«Три толстяка. Эпизод 7. Учитель»
БДТ им. Г. А. Товстоногова.
Режиссер Андрей Могучий, художник Александр Шишкин
В последней, но очевидно не финальной части «Трех толстяков», которую ждали с весны 2018-го, сюжет совершает по-настоящему неожиданный поворот — в его центр помещается персонаж, который в оригинальной сказке Юрия Олеши появляется единожды и очень коротко. Это доктор Туб. Здесь ему дали имя Иван Ильич и играет его замечательный Сергей Дрейден.
Спектакль начинается с метафорического пролога, в котором тонны песка засыпают милый домик, приветливо светящий окошками. Совсем недолго за ними можно было разглядеть семью — папа, мама и двое детей. Что это за семья, объяснят только в третьем акте. Однако про нее быстро забываешь, потому что на сцене сперва появляются Тибул (Виктор Княжев), почему-то уже без руки, а потом и без двух, и доктор Гаспар Арнери (Александр Ронис). А после исчезновения канатоходца в зыбучих песках — профессор Иван Ильич Туб. Первые два акта идет подготовка к акту третьему. Через философские рассуждения, смонтированные из фрагментов текстов Гурджиева, Пятигорского, Мамардашвили, Бартини, «Лекции об идиотизме» (то и другое — в исполнении Сергея Дрейдена), через внезапное признание Арнери в предательстве своего учителя, через демонстрацию поучительных эпизодов документалкиоб эксперименте Стэнли Милгрэма, который он впервые описал в 1963 году в статье «Подчинение: исследование поведения» (Behavioral Study of Obedience), через спорадические выходы пионеров-переростков — повествование подбирается к кульминации. До нее зал дружно всматривается в черную пустоту сцены за спинами Туба и Арнери, настолько плотную, неразреженную, густую, что очевидно — ничего жизнеспособного она породить не способна. Разве что пронырливых и агрессивных песчанок, в которых деградировали обаятельные мотыльки знаний из прежних частей «Толстяков», и безликих-безмолвных существ, на мгновения возникающих где-то вдалеке.
А дальше режиссер Могучий заходит на территорию, которую можно обозначить как пространство коллективной травмы и памяти о ней, выбирая для их репрезентации стратегию нарративного фетишизма и воспоминания-отыгрывания. Автор первого термина — культуролог Эрик Сантнер.
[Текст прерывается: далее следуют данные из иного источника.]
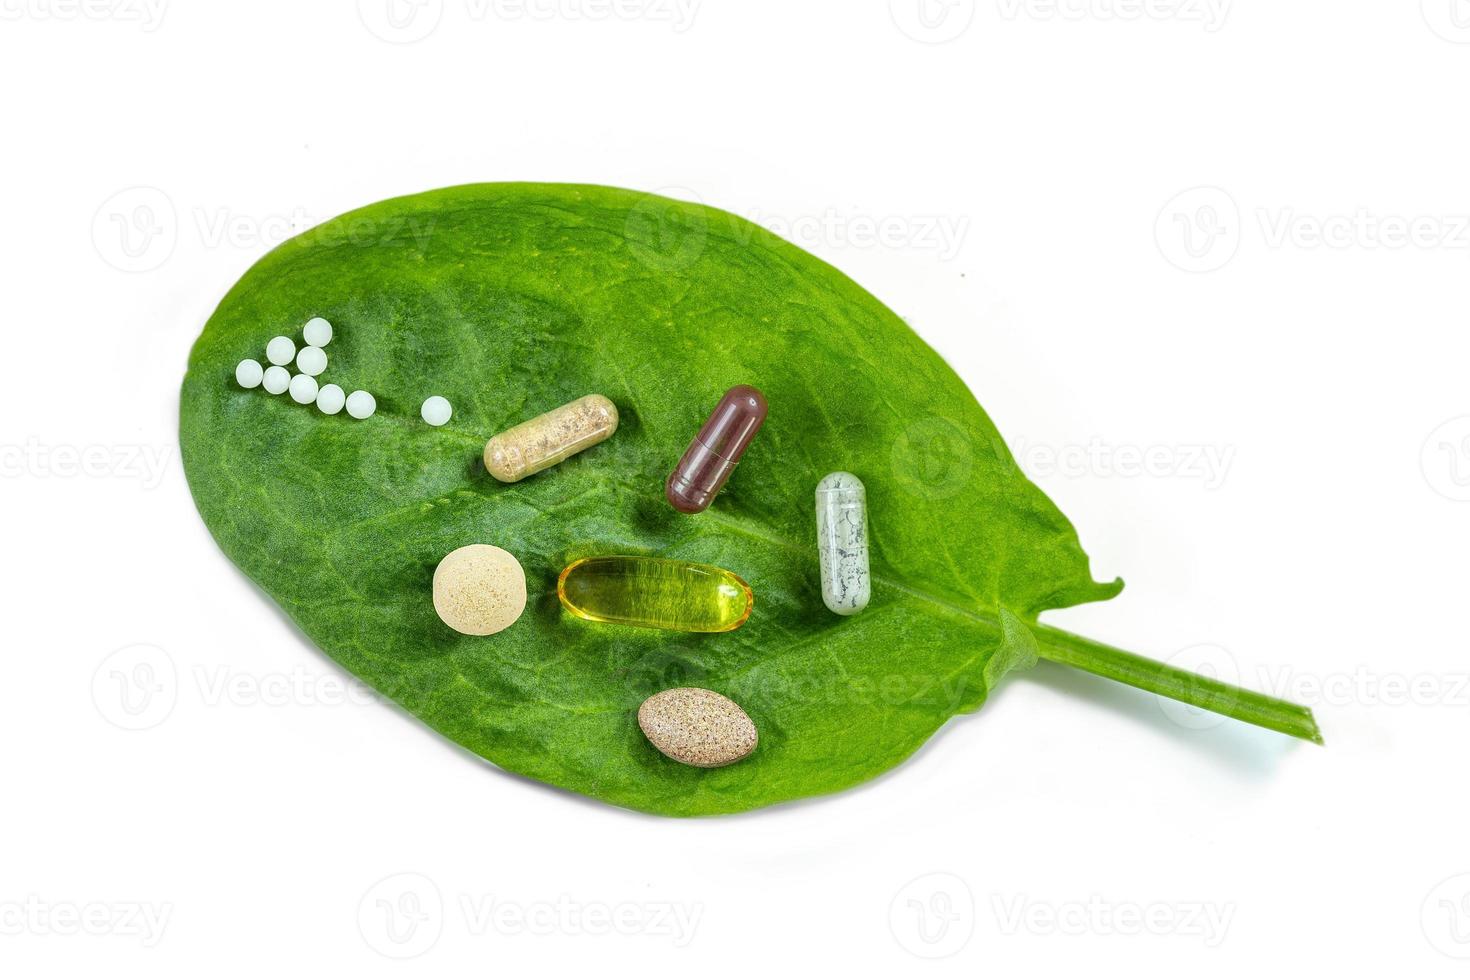 homeopatía - un concepto de homeopatía con medicina homeopática y complemento alimenticio en hojas verdes foto

Имеется в виду «конструирование и использование нарратива, сознательная или бессознательная цель которого состоит в том, чтобы стереть следы той травмы или утраты, которая, собственно, и дала жизнь этому нарративу»1. Автором второго термина является американский историк Доминик ЛаКапра. Если рассказывать о катастрофе, произошедшей в прошлом, в дозах, которые возможно вынести, то наступает привыкание к реальности травмы. Но вместе с тем ликвидируются последствия этих событий и нивелируется необходимость в скорби2.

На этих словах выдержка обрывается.